There is a growing request for faster and more sensitive diagnostic methods for malaria. Conventional methods, such as microscopy and RDTs, lack sensitivity, while PCR-based methods, although very sensitive , require highly trained personnel and expensive equipment. In contrast, LAMP-based methods have proven to have a similar or higher sensitivity than PCR methods but with the need for less training and resources [16, 21]. Alethia® Malaria kit is a qualitative commercial assay able to detect Plasmodium spp. based on LAMP technology [22, 23]. Furthermore, the kit includes the components to isolate DNA from whole blood by centrifuge-free methods . In our study, the comparison between LAMP and NM-PCR assays, with just two discrepant samples (1.9%), showed a very good correlation corroborated with the high values of sensitivity, specificity and predictive values, as well as the kappa value (Table 2). Regarding the two discrepant results, it is very difficult to assess the accuracy of the LAMP method because any meaningful evaluation must be involved in comparison with other methods of diagnosis, in this occasion the NM-PCR, which might themselves be wrong. The false-positive result could be due to DNA contamination during sample processing [24, 25] or even to be a true-positive . In each extraction set, a free-DNA sample was included and it did not produce amplification by the LAMP method, so possibly the second option was more feasible. The false-negative result in the sample infected with P. malariae may be due to a low parasitaemia of the original sample or that the LAMP assay exhibits deficiencies for the detection of this species. In this study, only four P. malariae-infected samples were analyzed, of which only two (50%) were correctly characterized, meanwhile another was being considered negative and the last gave an invalid result. Expanding the number of samples infected with P. malariae would be necessary to find the correct answer.

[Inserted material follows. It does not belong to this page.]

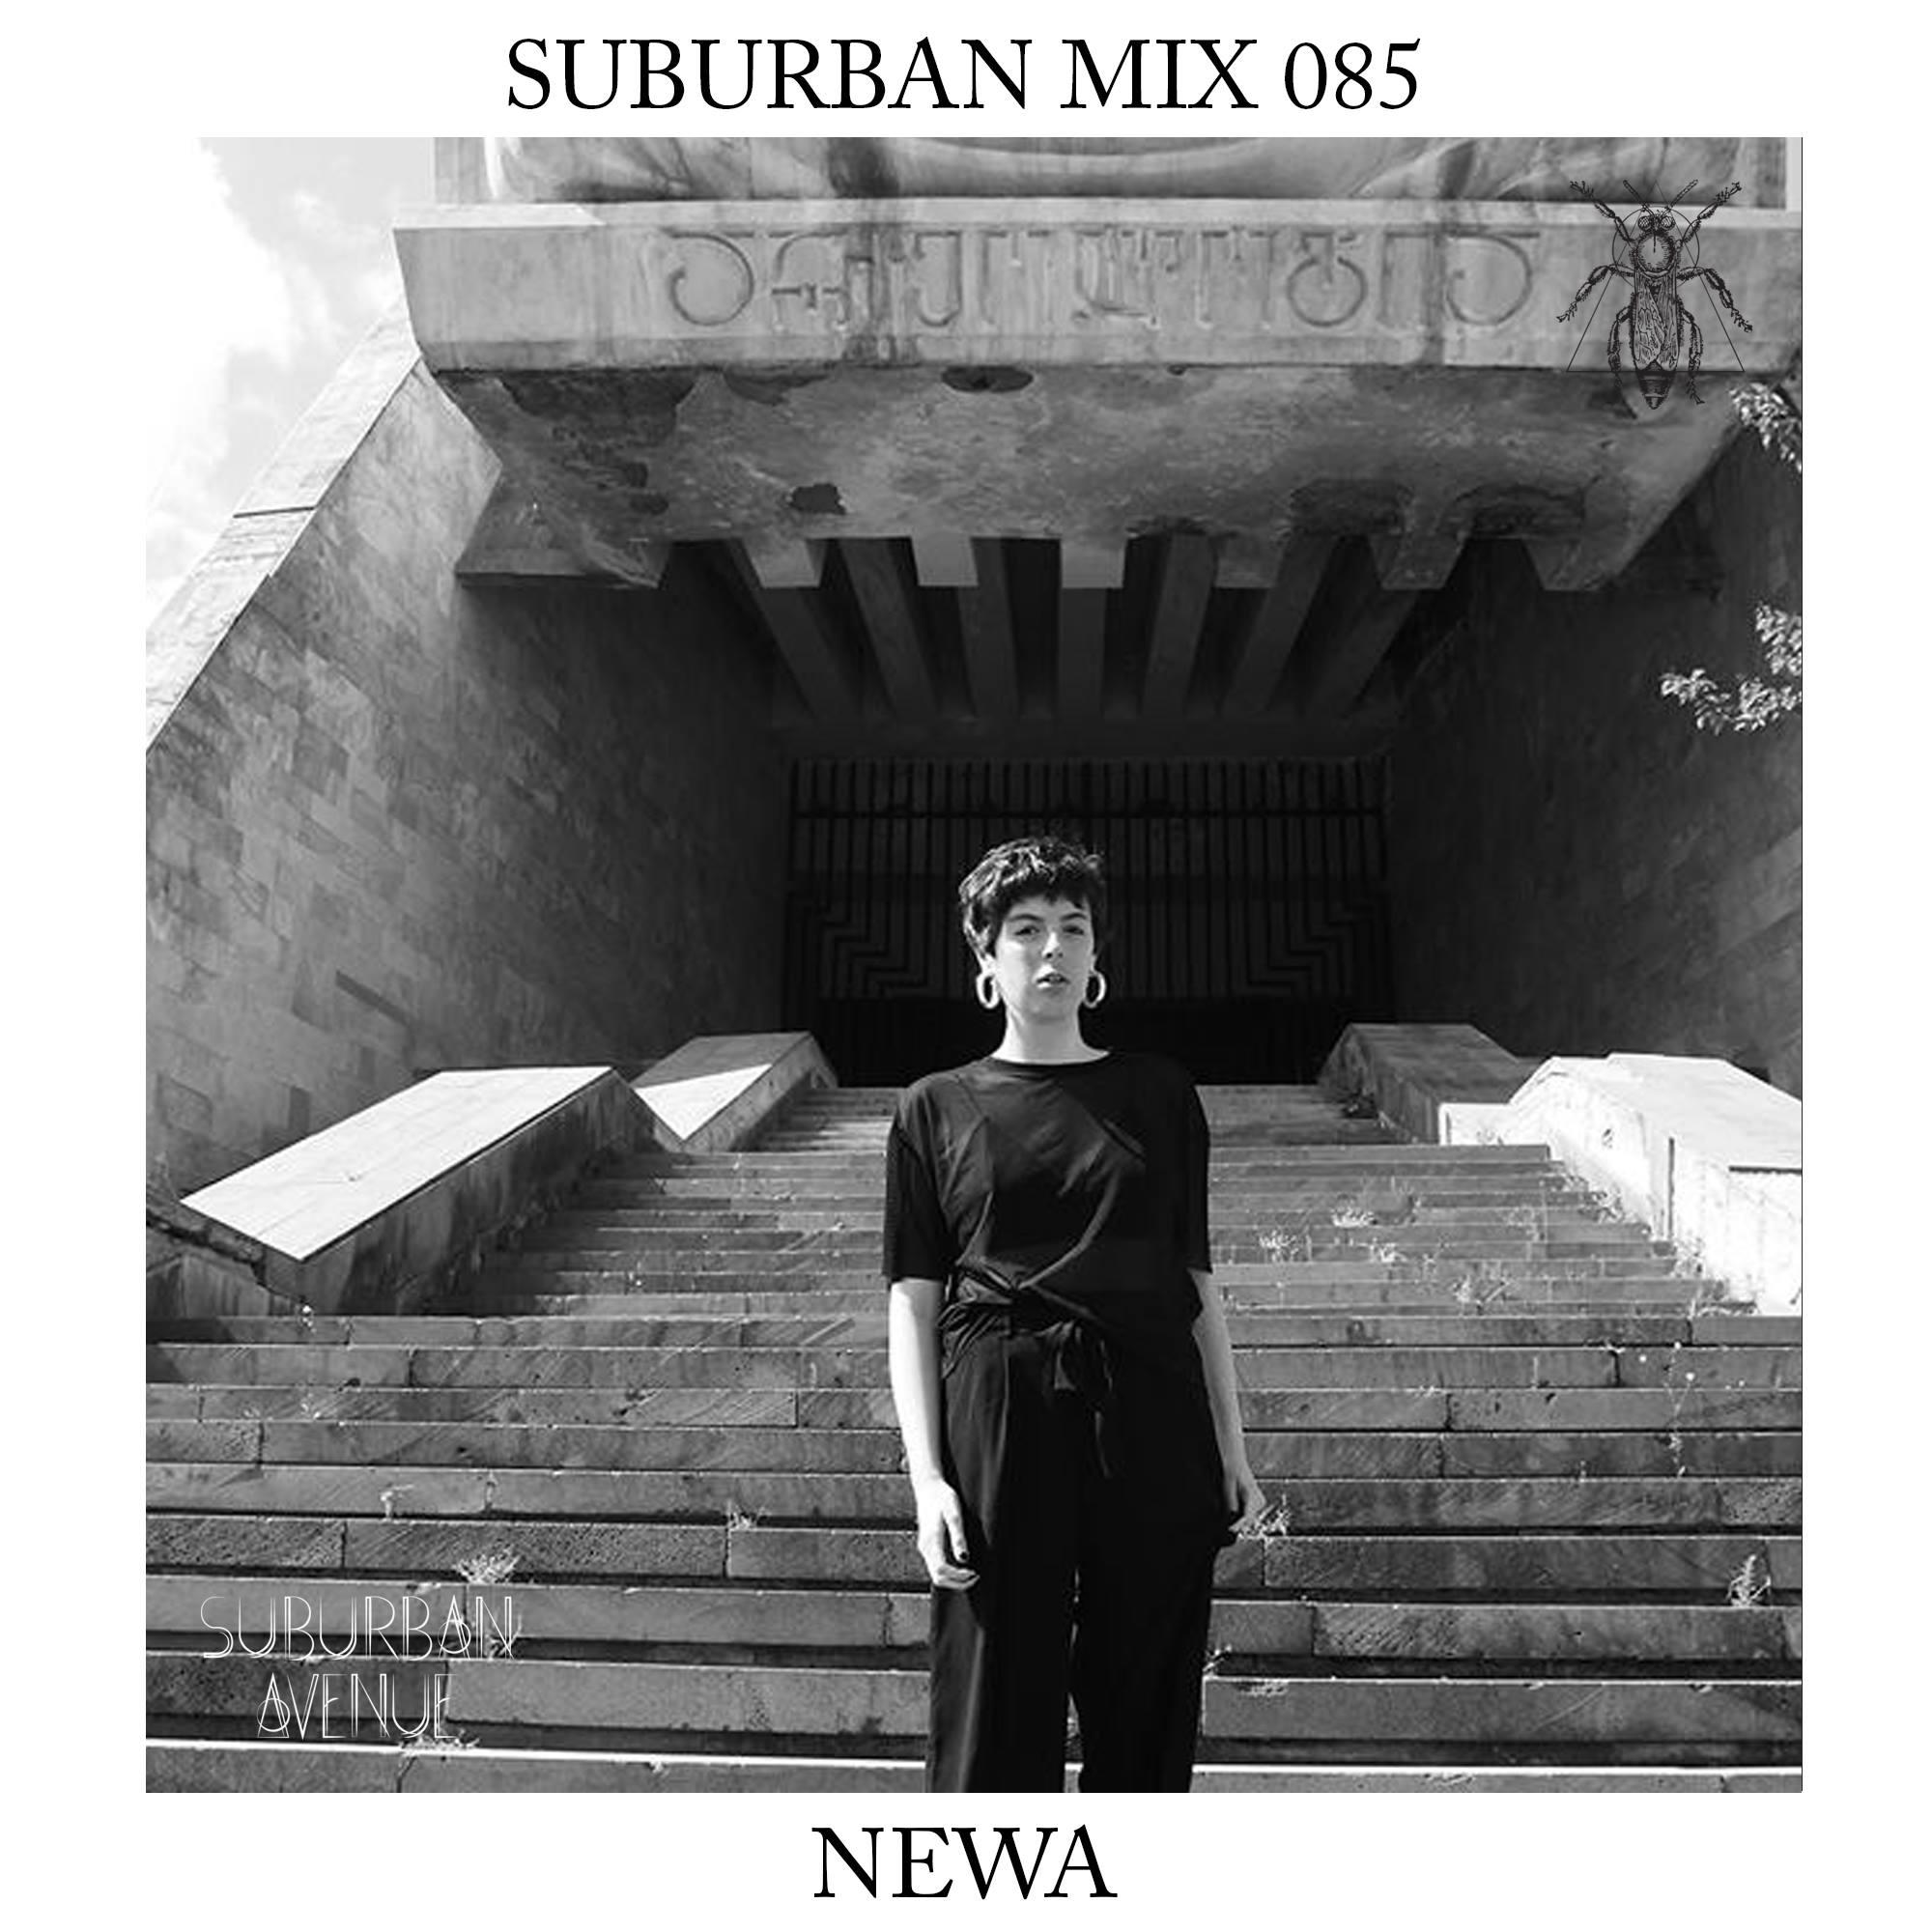 Suburban Mix 085 - Newa

Similar good results in specificity and sensitivity have been shown in more studies in non-endemic countries [2, 14, 15, 17]. In a study performed in France , they obtained 100% of sensitivity and 98.13% specificity using real-time PCR as the reference method. Studies performed in North America obtained excellent sensitivity compared to microscopy  and PCR . Moreover, the Alethia® Malaria kit has also been evaluated in Senegal obtaining high sensitivity (97.2%) and a good specificity . However, neither of these studies tested any P. knowlesi specimens. In our study, the nine P. knowlesi-infected samples were detected, without any invalid or false-negative results, confirming the ability of the Alethia® Malaria LAMP to detect the main five Plasmodium human species.
Nine samples out of 114 provided invalid results. Several authors have described a similar situation where it was not possible to obtain a valid result with this LAMP assay [2, 16]. According to the manufacturer’s instructions, some possible reasons for the invalid results may be inhibitory specimens, improper sample preparation, reagent failure, instrument failure, dirty device or improperly seated. In our study, samples with an invalid result were obtained at the beginning of the study but not at the end, suggesting that the technologist’s level of training played a factor in the results probably due to improper mixing of the blood samples and buffers.

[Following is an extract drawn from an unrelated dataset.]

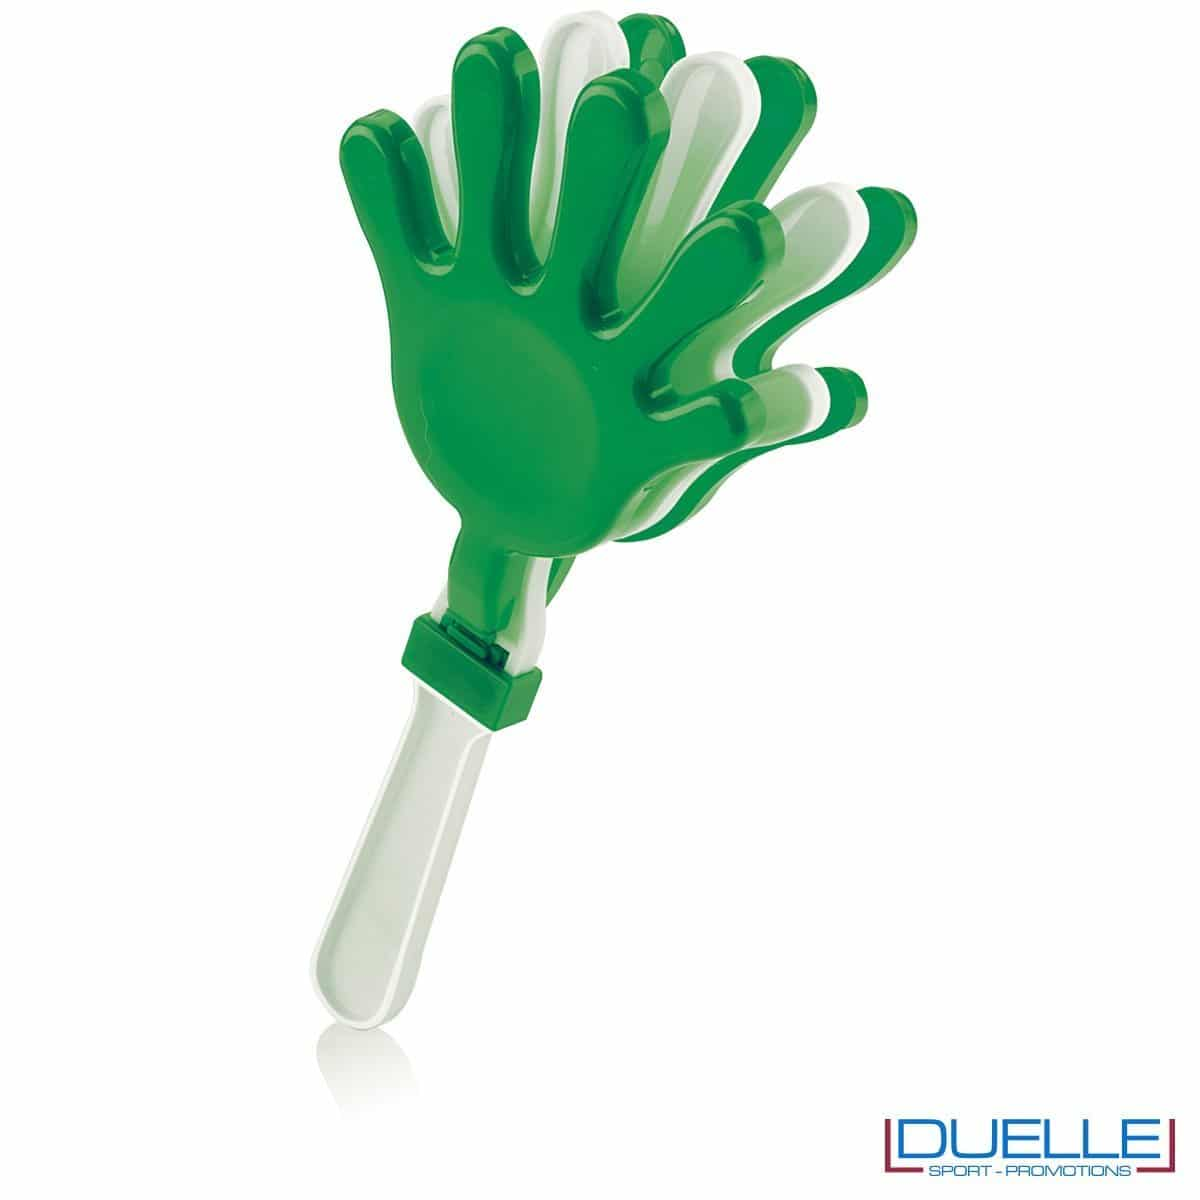 gadget tifoserie - manina per feste colore verde -gadget estate, gadget feste

The Alethia® Malaria kit showed a very good LoD value for P. falciparum, 0.075 parasites/µl, similar to reported for several malaria Nested PCRs [18, 26]. Other reports obtained different LoD depending, possibly, on the origin of the samples used; 2 parasites/µl  and 0.5 parasites/µl  with conditions similar to ours, or 0.1 parasites/µl using serial dilutions of P. falciparum cultures .

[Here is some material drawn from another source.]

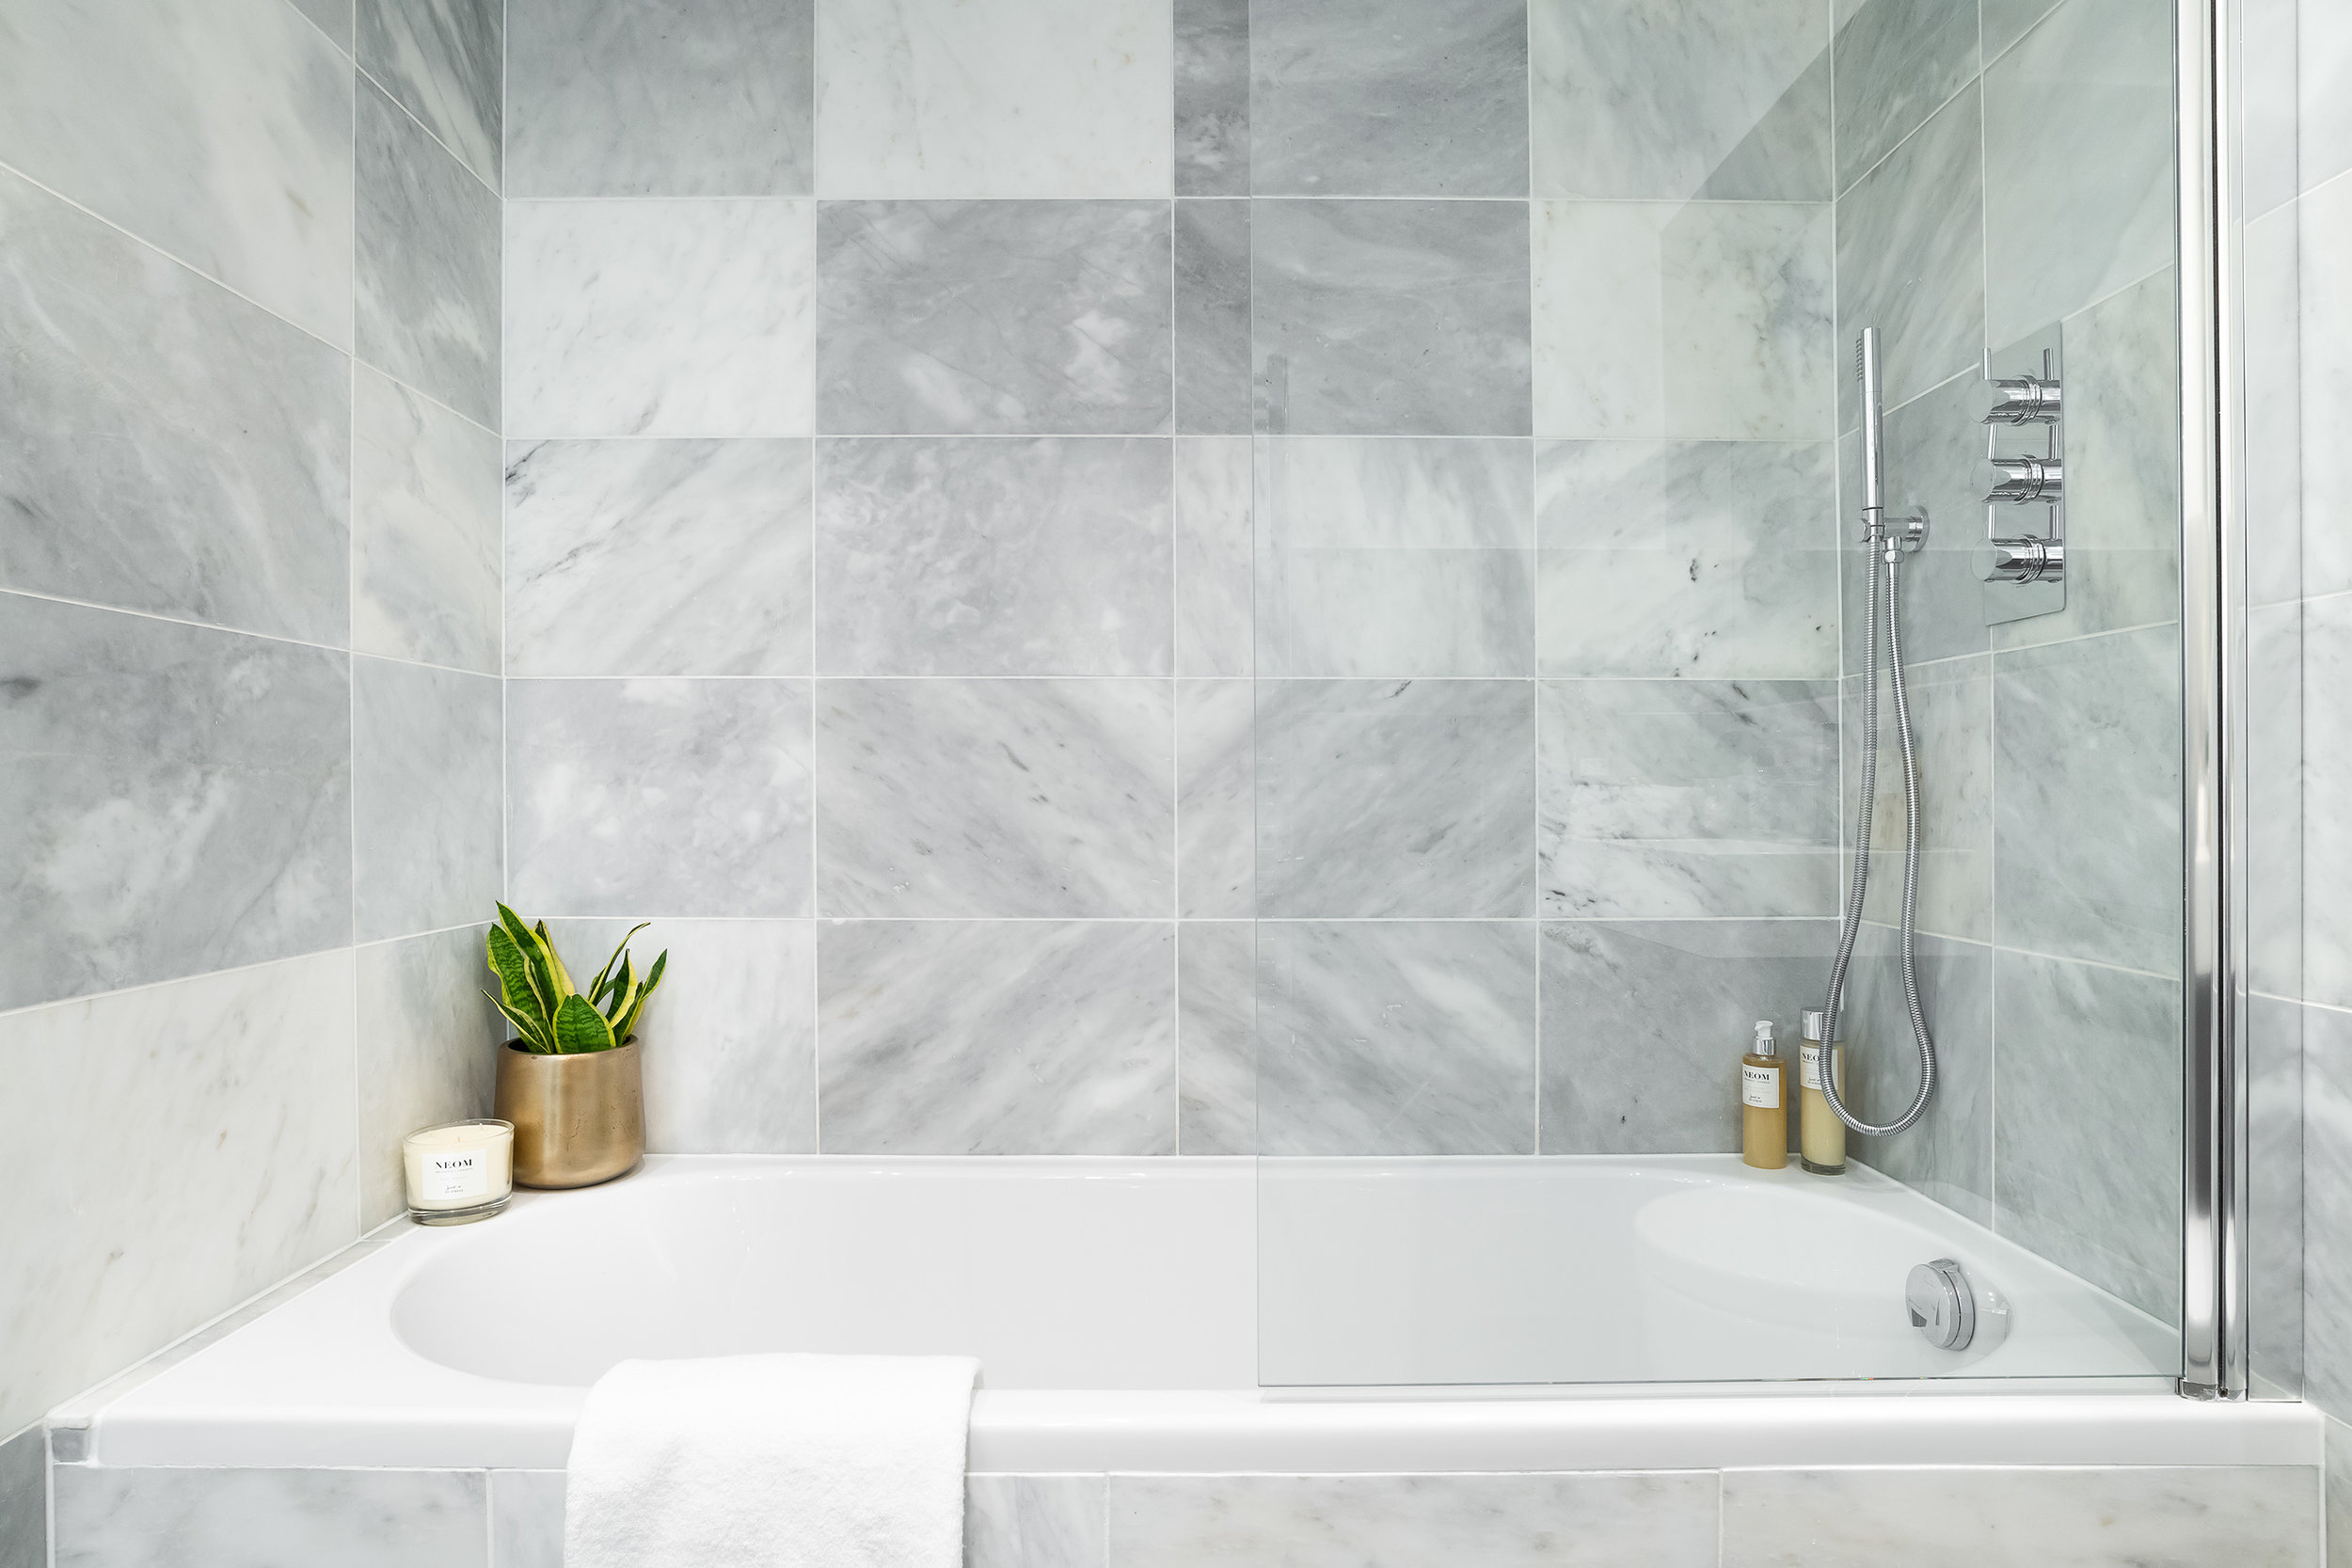 Bathroom_VR_11.jpg

Several malaria LAMP assays have been described previously [8–11], most of them “homemade” assays with reproducibility problems and with difficult-to-pass quality assessment controls. Conversely, commercial LAMP kits for malaria detection present the reagents in lyophilized form to enhance stability under ambient conditions, facilitating the use and decreasing the need for high training. Furthermore, the Alethia® Malaria kit incorporates the components to purify DNA from whole blood and an internal reaction control to discriminate false negatives from inhibition reactions. Unfortunately, contrary to the best feature of LAMP technology, the reaction must be run on a specific device. Despite this, given our results, with excellent sensitivity and specificity and with a reduced time of diagnosis, Alethia® Malaria assay could be used as a good screening diagnosis method for malaria, as other authors have pointed out previously [12, 16, 17].